Asymptotic formulas have limited practical validity.

Fractional differentiation aids in modeling tempered stable Lévy processes.

Numerical methods based on finite differences improve computation of implied volatility.

Abstract

Exponential L\'evy processes can be used to model the evolution of various financial variables such as FX rates, stock prices, etc. Considerable efforts have been devoted to pricing derivatives written on underliers governed by such processes, and the corresponding implied volatility surfaces have been analyzed in some detail. In the non-asymptotic regimes, option prices are described by the Lewis-Lipton formula which allows one to represent them as Fourier integrals; the prices can be trivially expressed in terms of their implied volatility.

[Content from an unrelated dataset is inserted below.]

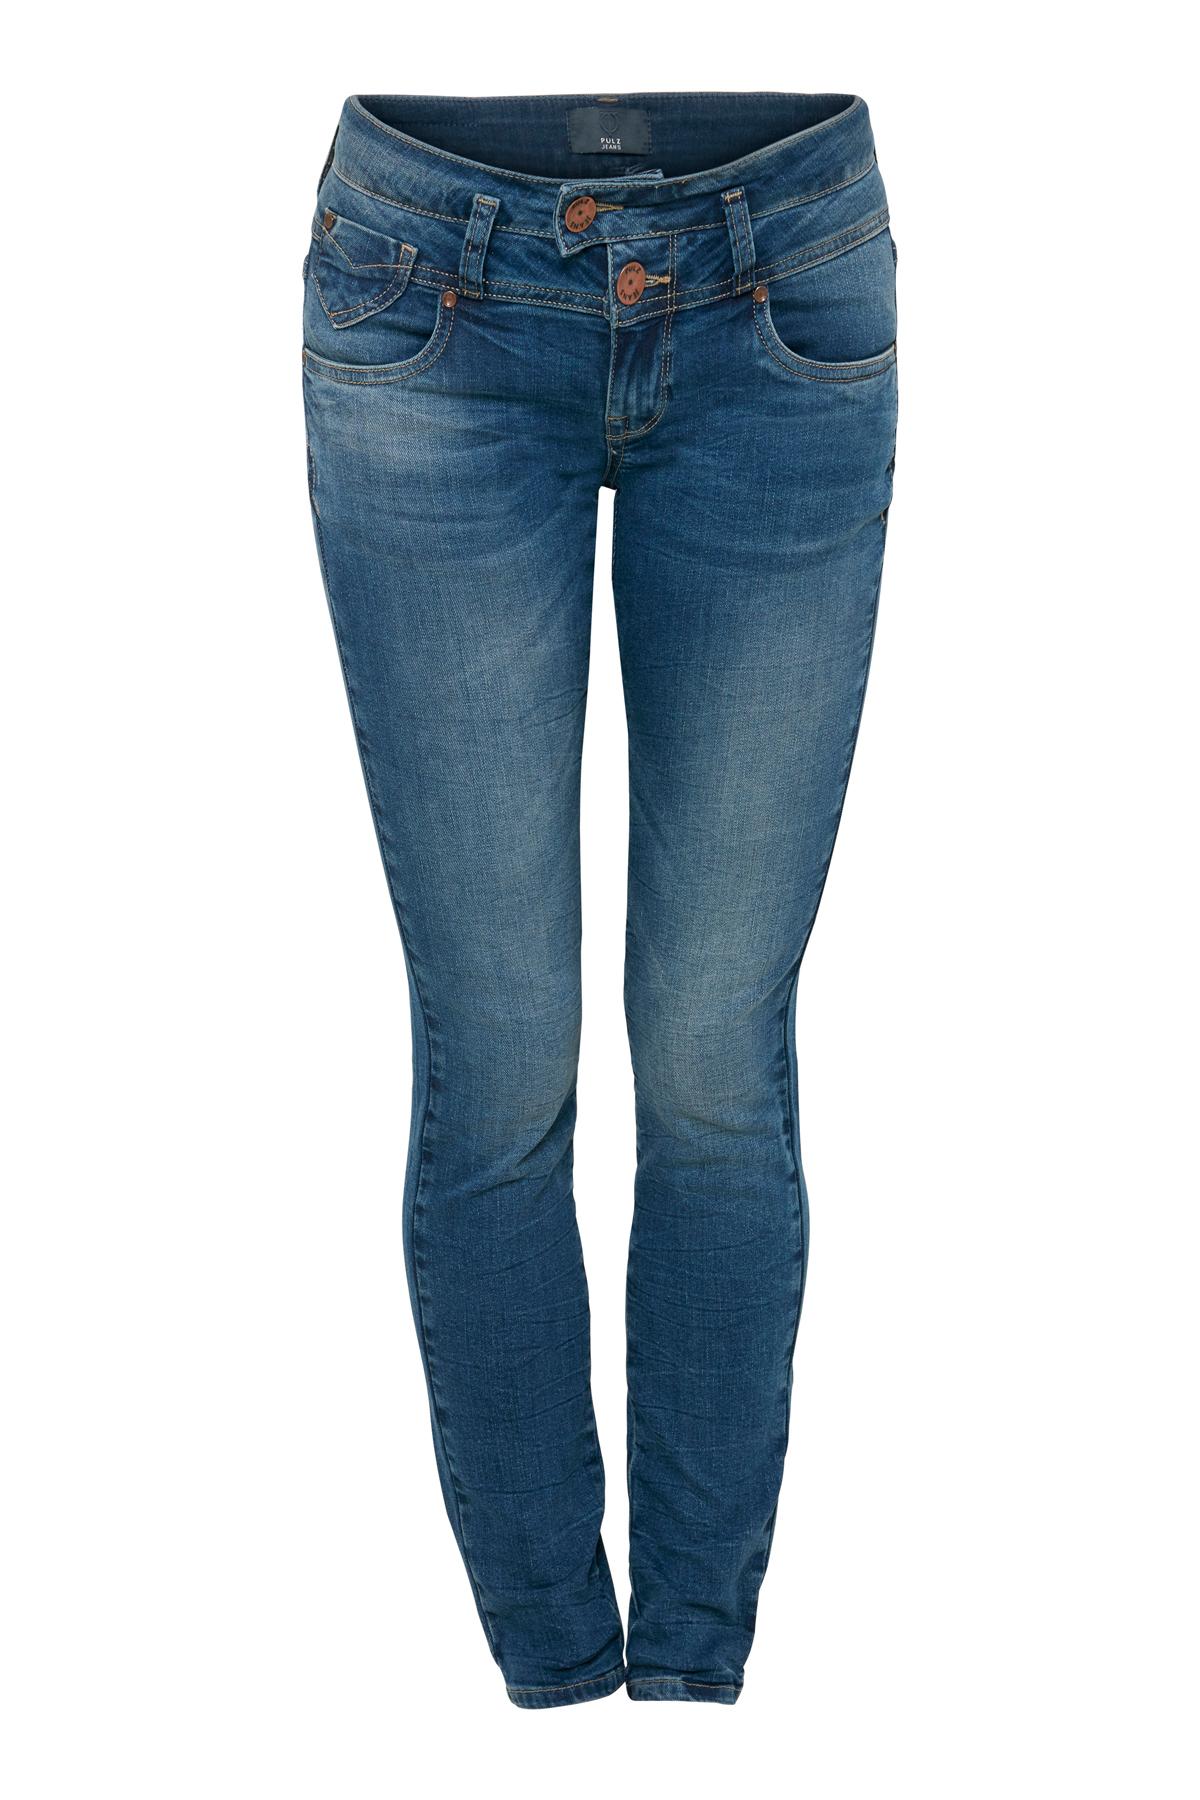 Image of Pulz Jeans Dame PULZ: 5-lommet Anett jeans i denimkvalitet med slid detaljer og vask for et råt udtryk. De populære bukserne - Denimblå

Recently, attempts at calculating the asymptotic limits of the implied volatility have yielded several expressions for the short-time, long-time, and wing asymptotics. In order to study the volatility surface in required detail, in this paper we use the FX conventions and describe the implied volatility as a function of the Black-Scholes delta. Surprisingly, this convention is closely related to the resolution of singularities frequently used in algebraic geometry. In this framework, we survey the literature, reformulate some known facts regarding the asymptotic behavior of the implied volatility, and present several new results. We emphasize the role of fractional differentiation in studying the tempered stable exponential Levy processes and derive novel numerical methods based on judicial finite-difference approximations for fractional derivatives. We also briefly demonstrate how to extend our results in order to study important cases of local and stochastic volatility models, whose close relation to the L\'evy process based models is particularly clear when the Lewis-Lipton formula is used. Our main conclusion is that studying asymptotic properties of the implied volatility, while theoretically exciting, is not always practically useful because the domain of validity of many asymptotic expressions is small.